My major area of interest is simple to explain.  A class of students born in the same year would all have very similar Jupiter and Saturn placements, so it would seem some generalizations can be made about a cohort of students.  I’ve also been very interested to study the Moon and Mercury placements of individual students, as much work was done on the study of how people process information, or “mental chemistry” by Marc Edmund Jones, a famous astrologer which would seem applicable to teachers. So, for me, all these ties together: Music, Astrology, Education.  More is there of course, like the moon phase at the time of birth which also brings out some helpful group qualities and individual characterizations and I am sure there is much more than these few things which astrology could bring to education, but these are the big elephants in room in my mind.  I’ve found one published teacher/astrologer online, though I have yet to read her publications.

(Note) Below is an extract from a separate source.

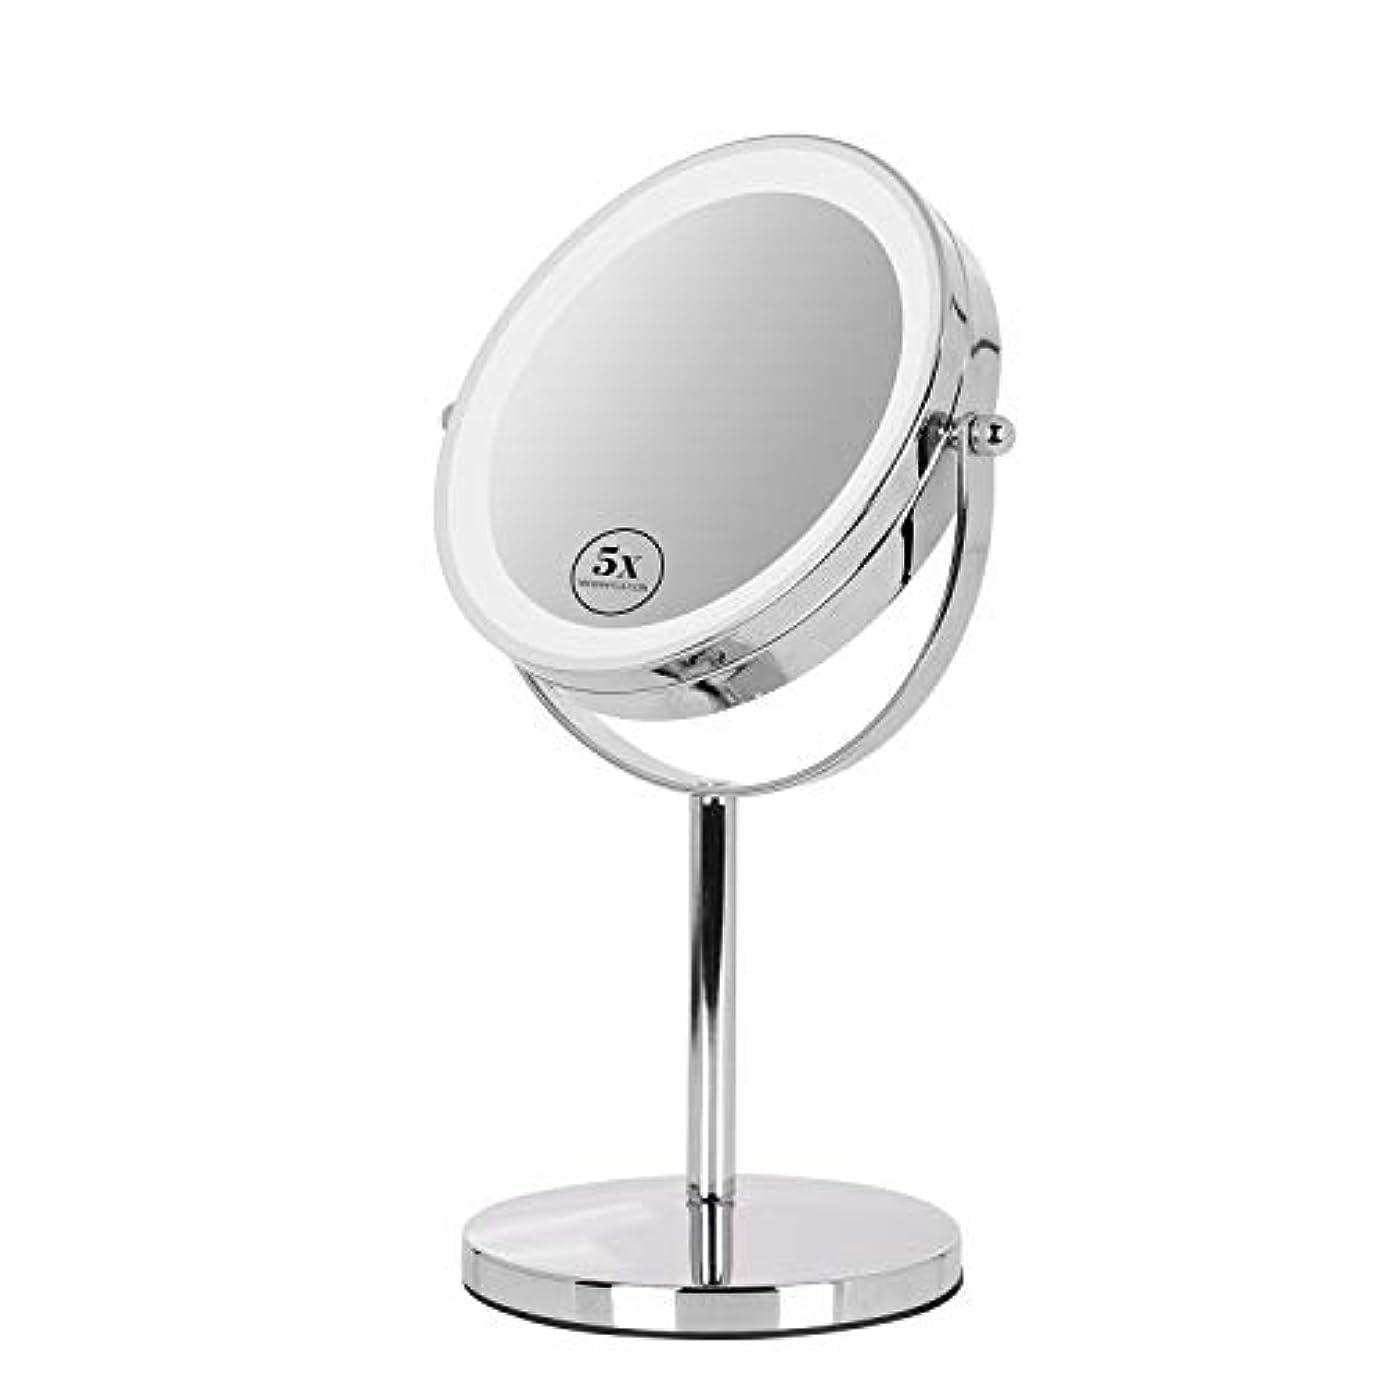 欲望郵便権限を与える卓上ミラー 鏡 化粧鏡 LED付き 真実の両面鏡DX 5倍拡大鏡 360度回転 卓上鏡 鏡面Φ165mm
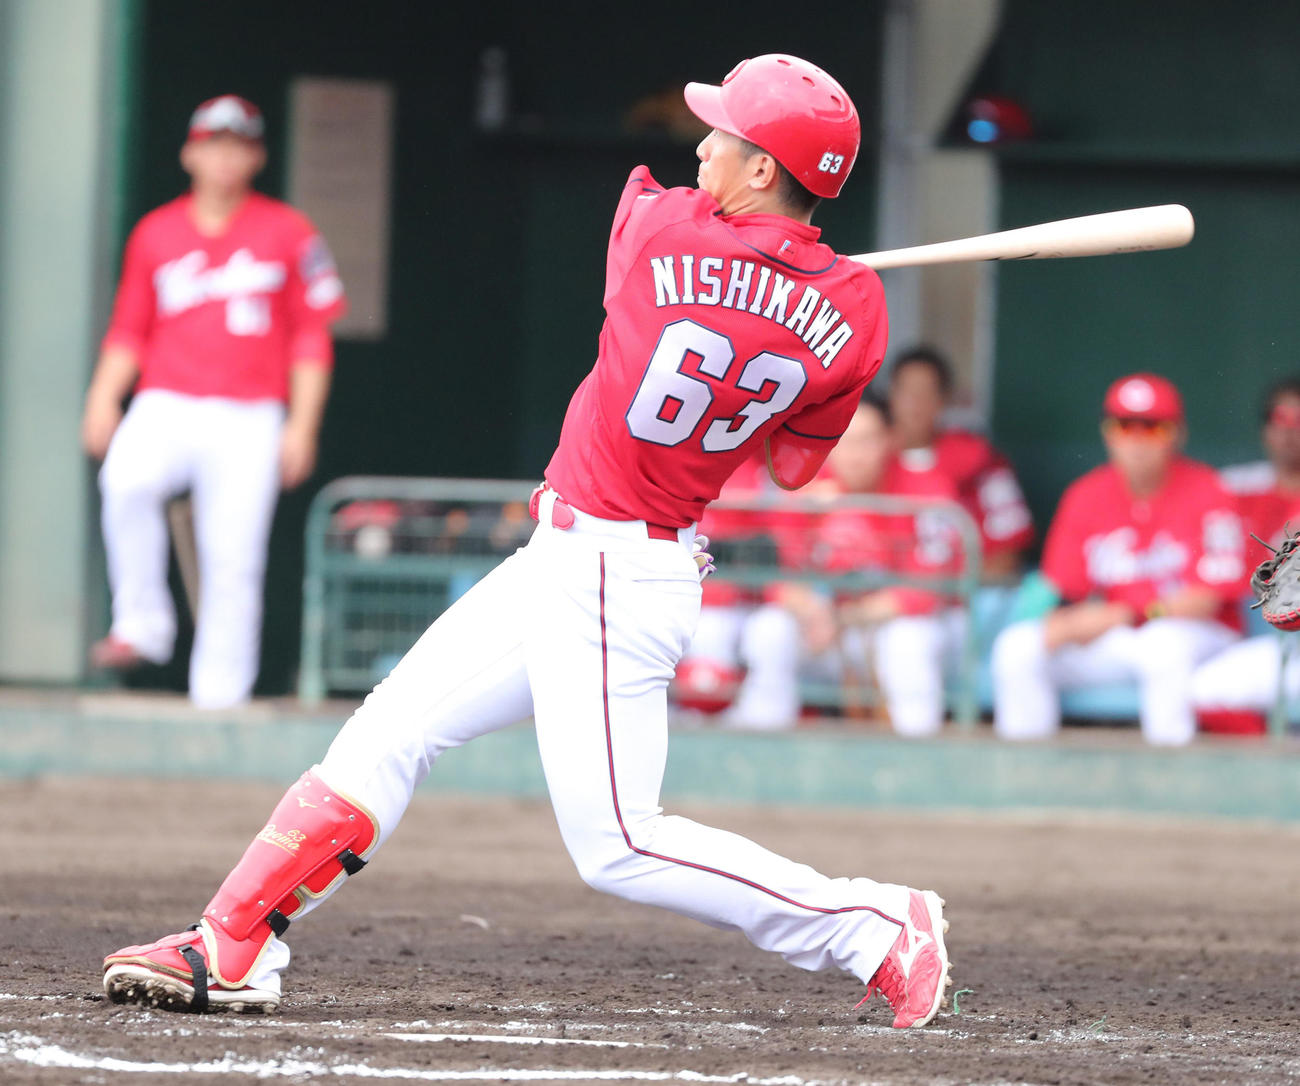 阪神対広島 3回表広島1死、右越えの先制本塁打を放つ西川龍馬(撮影・清水貴仁)

I’ve thought about writing about these things and publishing them as e-books, or posting them to the popular TpT, Teacher Pay Teacher website for sale, though these are mere curiosities at this point.  I am still at the place of exploring this vast terrain, experimenting, and rudimentary application in my own classroom laboratory.  In my view, if something isn’t immediately applicable to a classroom or an immediate need, teachers are just not that patient or interested.  They have a total of nine seconds to have their lesson planned and prepped for the next day. They are very pressed for time.   On top of that, teachers are famous bandwagon jumpers.   So, in the end, I usually leave behind my temptation to turn this interest into a business and I go back to astrology and music as just a serious interest of mine, with potential to serve or help others.  There is also stubborn prejudice against anything which smacks of occultism, especially in Texas.  I have a long way to go to offer anything that feels safe on a professional level, or useful to other teachers, or seriously tangible. I don’t want to be part of some teaching fad and I truly loathe self-promotion, so I get quickly turned off thinking about things in terms of “business plans,” it all starts to feel cheap and gimmicky.   What really interests me is furthering common good and increasing knowledge, improving practices, helping students with cosmic knowledge that is applicable in the real world.  This is the type of goal often can’t serve two masters.